===== Source material =====

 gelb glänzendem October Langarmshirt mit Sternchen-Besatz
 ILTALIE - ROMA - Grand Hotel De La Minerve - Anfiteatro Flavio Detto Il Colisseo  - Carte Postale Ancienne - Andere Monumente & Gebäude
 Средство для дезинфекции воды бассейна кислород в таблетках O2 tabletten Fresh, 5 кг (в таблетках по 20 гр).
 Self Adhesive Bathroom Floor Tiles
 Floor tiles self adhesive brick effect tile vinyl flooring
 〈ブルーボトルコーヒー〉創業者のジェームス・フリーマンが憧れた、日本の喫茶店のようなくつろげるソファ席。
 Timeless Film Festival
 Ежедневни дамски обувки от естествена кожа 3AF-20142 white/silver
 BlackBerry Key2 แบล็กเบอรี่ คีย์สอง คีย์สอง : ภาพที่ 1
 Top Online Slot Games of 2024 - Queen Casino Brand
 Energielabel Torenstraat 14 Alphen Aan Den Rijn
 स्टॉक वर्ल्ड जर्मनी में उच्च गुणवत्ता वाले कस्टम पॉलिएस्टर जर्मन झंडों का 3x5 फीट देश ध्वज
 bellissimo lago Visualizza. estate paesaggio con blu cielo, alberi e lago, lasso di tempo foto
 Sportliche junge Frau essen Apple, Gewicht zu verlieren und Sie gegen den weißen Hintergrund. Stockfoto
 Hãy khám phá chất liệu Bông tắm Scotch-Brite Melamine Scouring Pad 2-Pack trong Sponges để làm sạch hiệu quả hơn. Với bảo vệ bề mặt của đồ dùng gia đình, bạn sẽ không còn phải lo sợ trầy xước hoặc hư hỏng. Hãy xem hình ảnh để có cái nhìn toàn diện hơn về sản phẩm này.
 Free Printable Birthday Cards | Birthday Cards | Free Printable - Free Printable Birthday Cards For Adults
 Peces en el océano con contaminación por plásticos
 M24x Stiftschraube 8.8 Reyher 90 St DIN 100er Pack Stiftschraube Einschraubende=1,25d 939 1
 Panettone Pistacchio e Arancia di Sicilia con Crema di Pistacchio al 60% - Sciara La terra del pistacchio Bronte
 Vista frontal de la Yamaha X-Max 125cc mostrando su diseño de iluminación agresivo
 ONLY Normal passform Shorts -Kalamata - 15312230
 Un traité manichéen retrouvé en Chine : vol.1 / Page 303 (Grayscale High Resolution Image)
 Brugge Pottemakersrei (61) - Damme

=====

Work order » A count alone is required. How many lines in the entries contain the string "Floor"?

Exercise response » 2